The spring whaling festival, or nalukataq, was held after the whale hunt as a thanksgiving for success and to ask for continued good fortune with next year's hunt. It was held also to appease the spirit of the killed whales. Similar to other Bladder Dances or Festivals of non-Alaskan Inuit groups, these ceremonies intended to set free the spirits of sea mammals killed during the year. At the nalukataq, a blanket toss would take place, in which members of the community were bounced high from a walrus-skin "trampoline." Another spring festival marked the coming of the sun. Dressed in costumes that were a mixture of male and female symbols to denote creation, the Inuit danced to welcome the sun's return.

Trading fairs took place throughout the year. The summer Kotzebue fair was one of the largest. In 1991, it was revived, held just after the Fourth of July. For the first time in a century, Russian Inuit came to celebrate the fair with their Alaskan relatives. The Messenger Feast has also been re-instituted, held in January in Barrow.

HEALTH ISSUES

In traditional Inuit society the healing of the sick was the responsibility of the shaman or a ngakok, who contacted spirits by singing, dancing, and drum beating. He would take on the evil spirit of the sick. Shamans, however, proved helpless against the diseases brought by the Europeans and Americans. Tuberculosis was an early scourge of the Inuit, wiping out entire villages. Alcohol proved equally as lethal, and though it was outlawed, traders were able to bring it in as contraband to trade for furs. Alcohol dependency continues to be a major problem among Inuit villages and has resulted in a high occurrence of fetal alcohol syndrome. Thus, ten villages in the Northwest Arctic Borough have banned the importation and sale of alcohol, while Kotzebue has made the sale of liquor illegal but allows the importation of it for individual consumption. Nonetheless, alcohol continues to be a source of major problems despite the implementation of "dry" towns and burroughs. Rates of accident, homicide and suicide among the Inuit are far higher than among the general Alaskan population. Moreover, there is a high rate of infant mortality and sudden infant death syndrome (SIDS) and infant spinal disorders.
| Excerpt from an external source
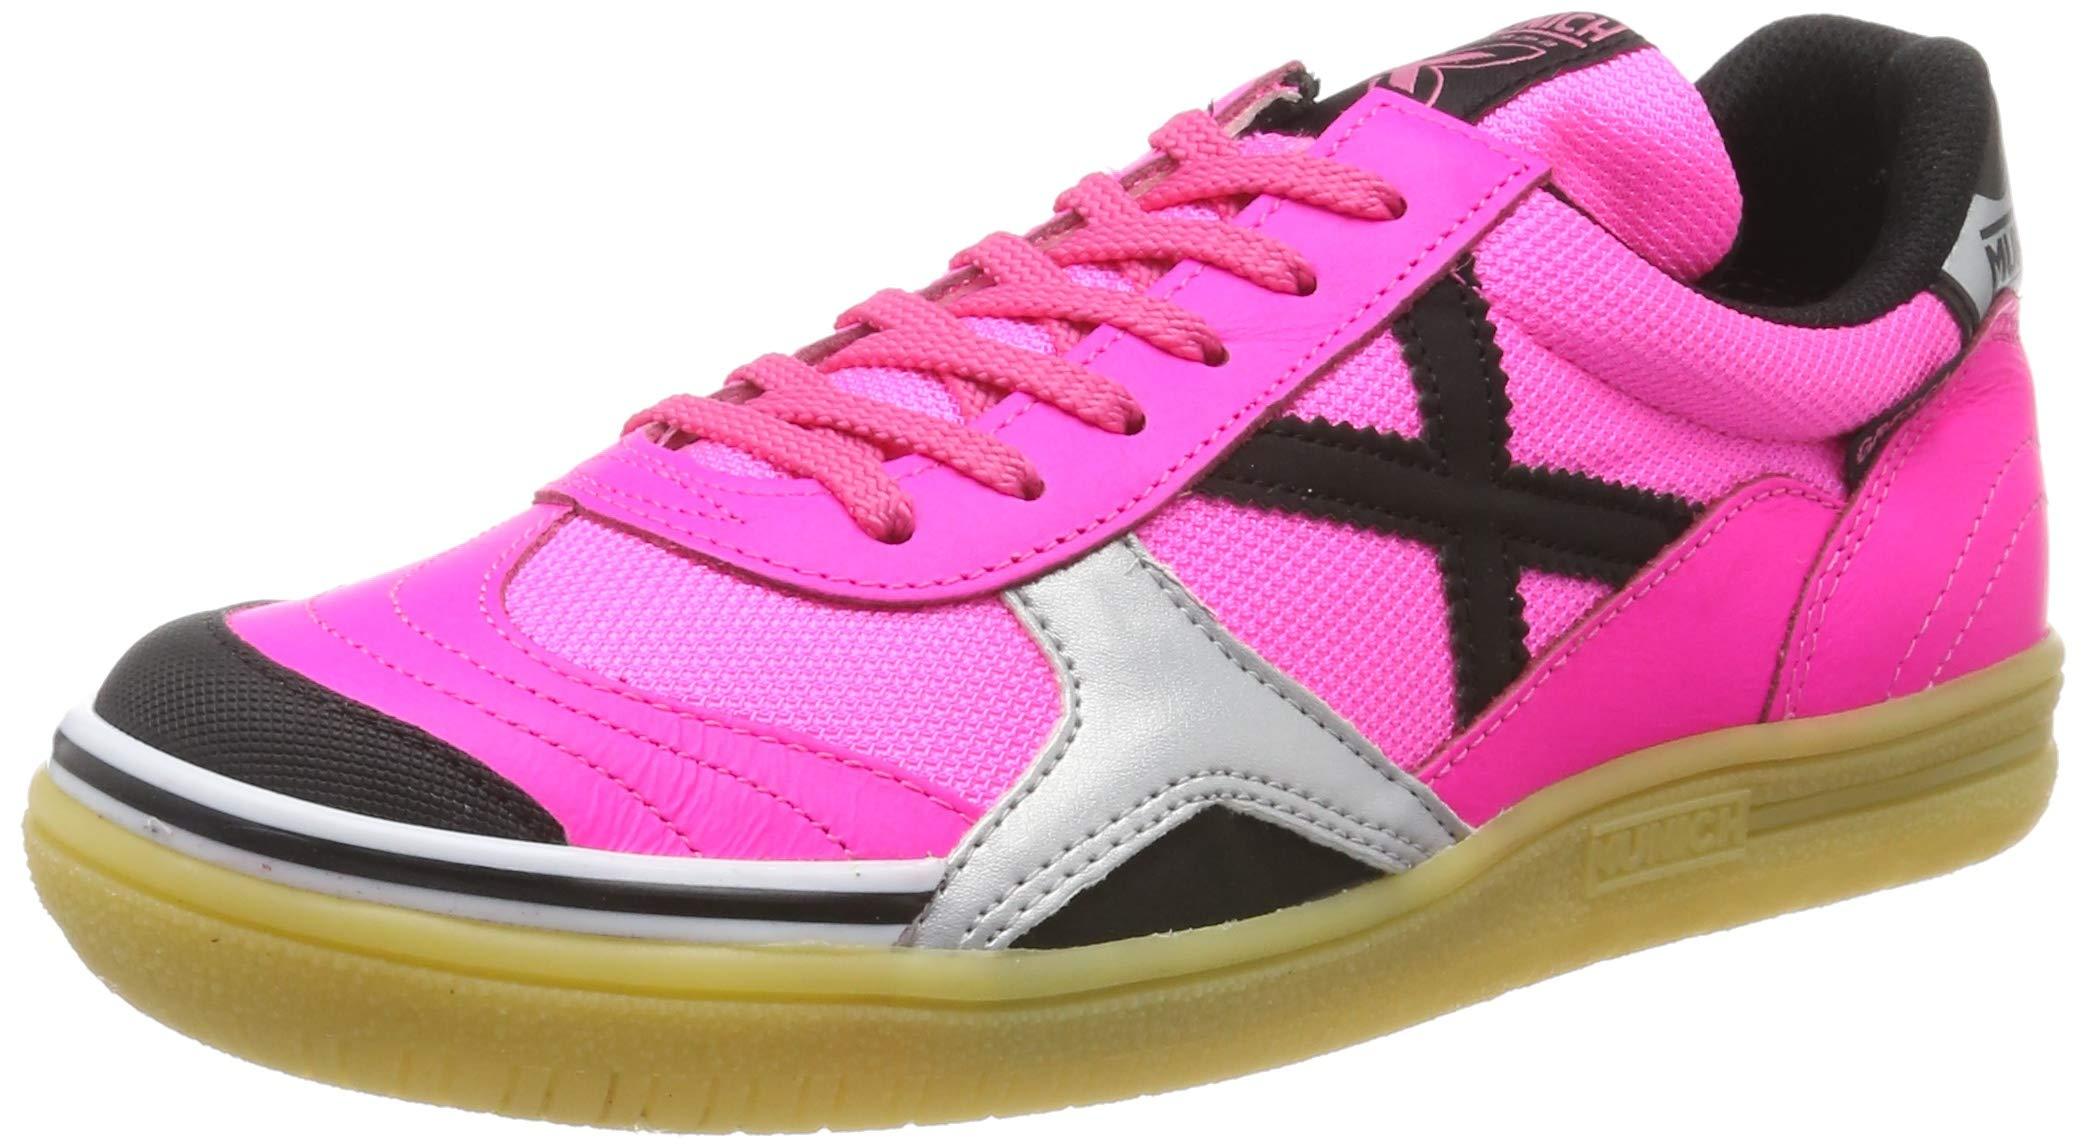 De Eu Gresca Fitness AdulteRoserosa 1440 Mixte Munich Chaussures ukXZPi

Another health issue, particularly for the Inuit of the Cape Thompson region, is cancer, brought on by the dumping of 15,000 pounds of nuclear waste by the Atomic Energy Commission. Also, radiation experiments on flora and fauna of the region as well as Russian nuclear waste dumping offshore have contaminated many areas of northwestern Alaska, putting the native population at risk.

L ANGUAGE

The Inuit communities of northern Alaska speak Inupiaq, part of the Eskaleut family of languages. All Inuit bands speak very closely related dialects of this language family. Its roots are in the Ural-Altaic languages of Finland, Hungary, and Turkey. Alaskan Eskaleut languages include Aleut, Yup'ik and Inupiaq.

Many Inuit words have become common in English and other languages of the world. Words such as kayak, husky, igloo, and parka all have come from the Inuit. The worldview of the Inuit is summed up in a popular and fatalistic expression, Ajurnamat, "it cannot be helped."
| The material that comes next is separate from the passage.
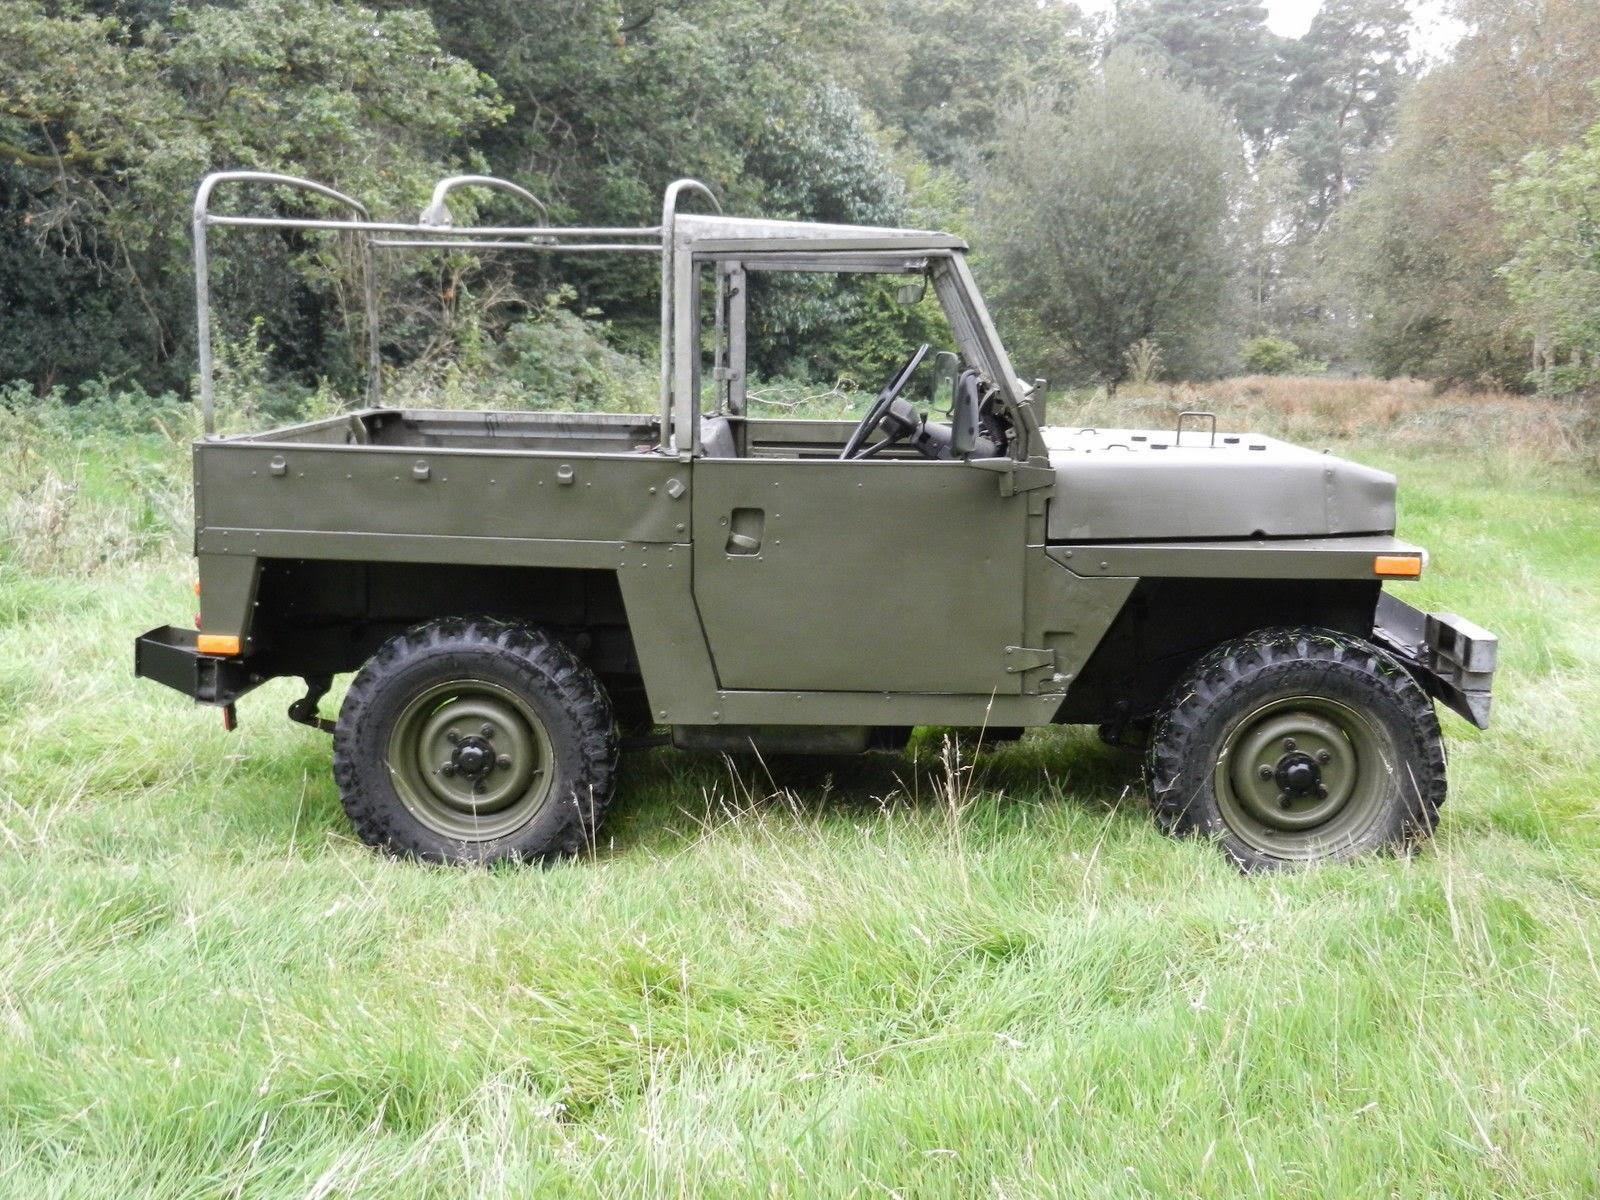 Land Rover Uk Military Jeep on Custom Jeep Kaiser M715

The future of Inuit-speaking Alaska is optimistic. Language instruction in school, as noted, was for many years solely in English, with native languages discouraged. Literacy projects have been started at Barrow schools to encourage the preservation of the language. However, English is the primary language of the region.
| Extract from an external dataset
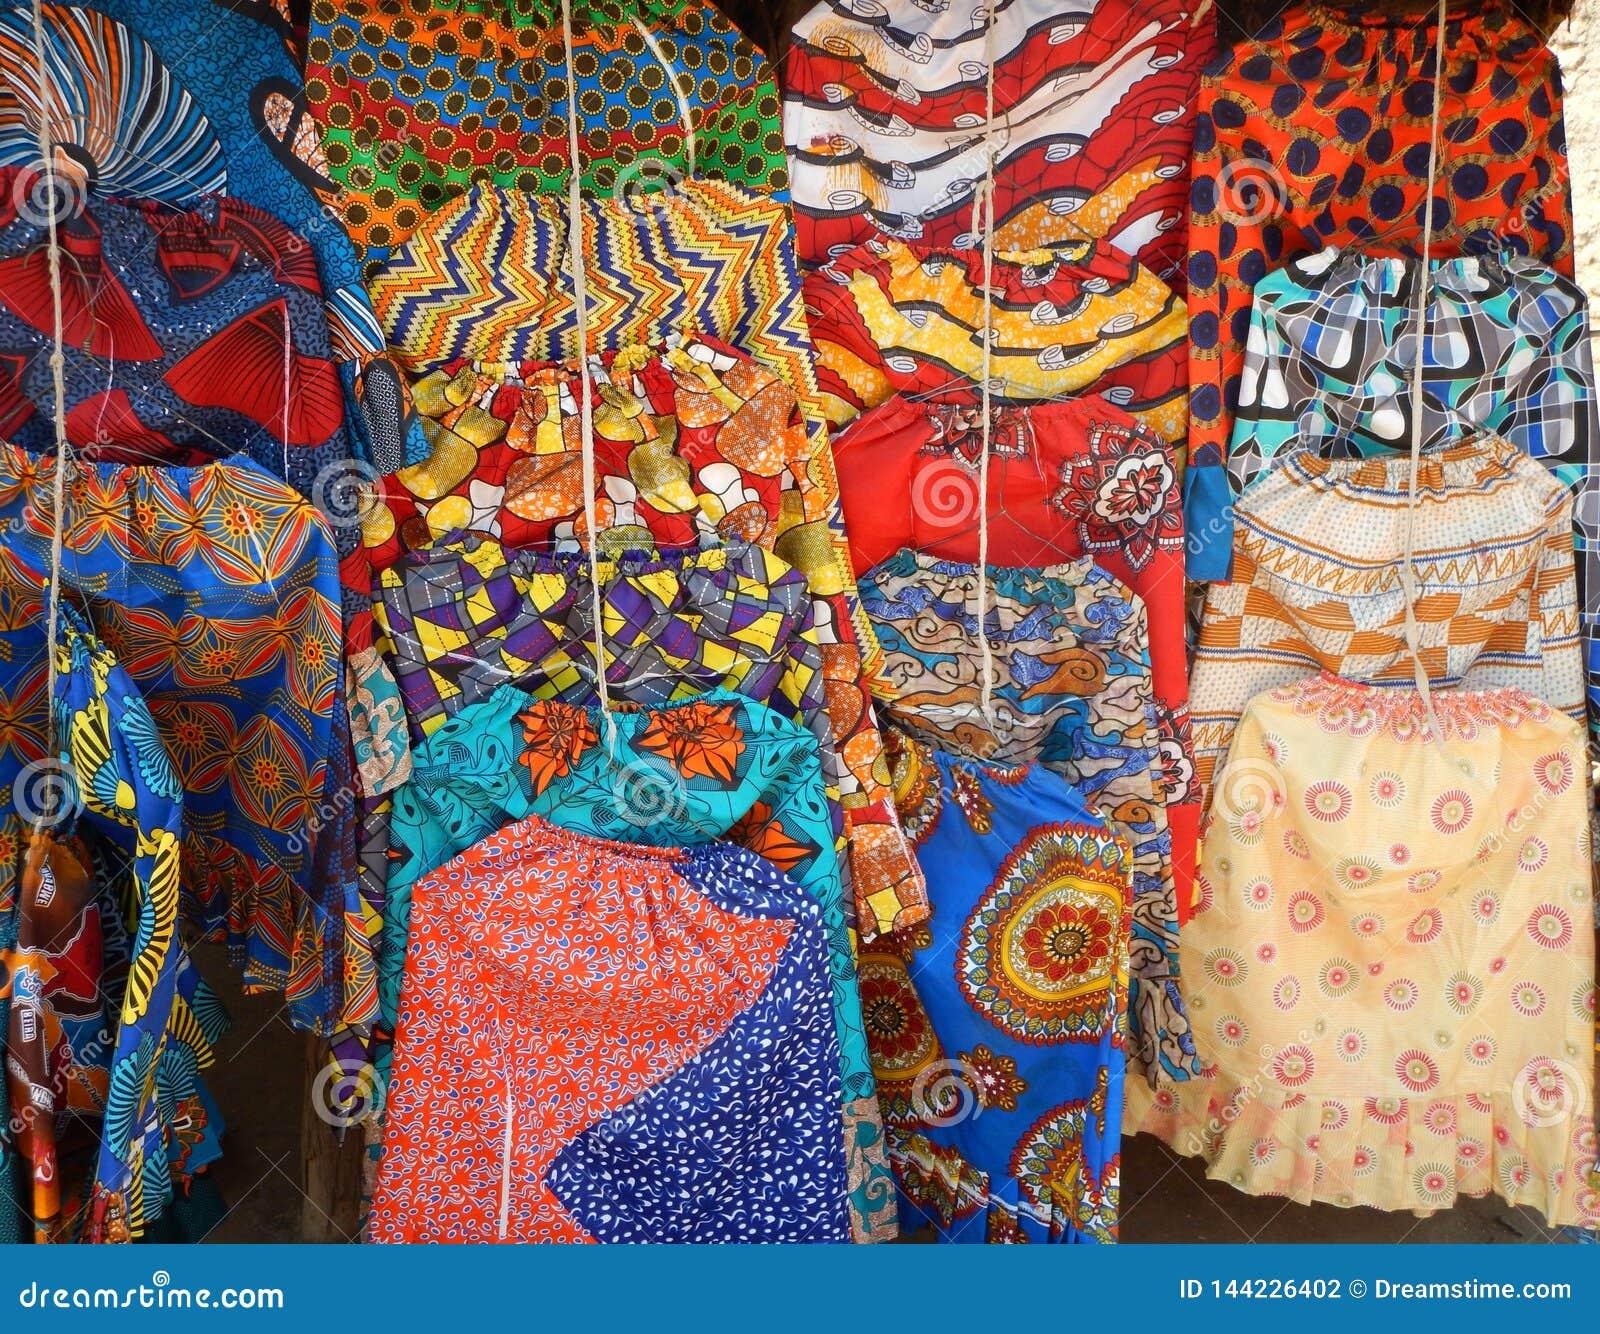 Helder gekleurde en gevormde rokken die in koopvaardijbox hangen

F AMILY AND C OMMUNITY D YNAMICS

Local groups were formed by nuclear and small extended families led by an umialik, or family head, usually an older man. The umialik might lead hunting expeditions, and he and his wife would be responsible for the distribution of food. Beyond that, however, there was little control exerted on proper behavior in traditional Inuit society. Villages throughout northern Alaska have replaced hunting bands, thus preserving to some extent the fluid network of their traditional society.

EDUCATION

Education for the Inuit is still problematic. Each village has its own school, funded by the state with extra funds from the federal government. Yet the dropout rate is still high among their youth. There was a 30 percent dropout rate in grade school in 1965, a rate that climbed to 50 to 80 percent in high school. And for those few who reached college at that same time, some 97 percent dropped out. Ten years later, in 1975, the rates had gone down considerably, in part due to a revival of teaching in Inupiaq, as opposed to English-only instruction. Most Inuit under 15 are minimally literate in English. However, in older generations the same is not true.

BIRTH AND BIRTHDAYS

Birth and pregnancy were traditionally surrounded by many taboos. For example, it was thought that if a pregnant woman walked out of a house backwards, she would have a breech delivery, or if a pregnant mother slept at irregular times during the day this would result in a lazy baby. Also, there were special birthing houses or aanigutyaks, where the woman went through labor in a kneeling (or squatting) position. These postures have been recognized by Western culture as often preferable to the hospital bed.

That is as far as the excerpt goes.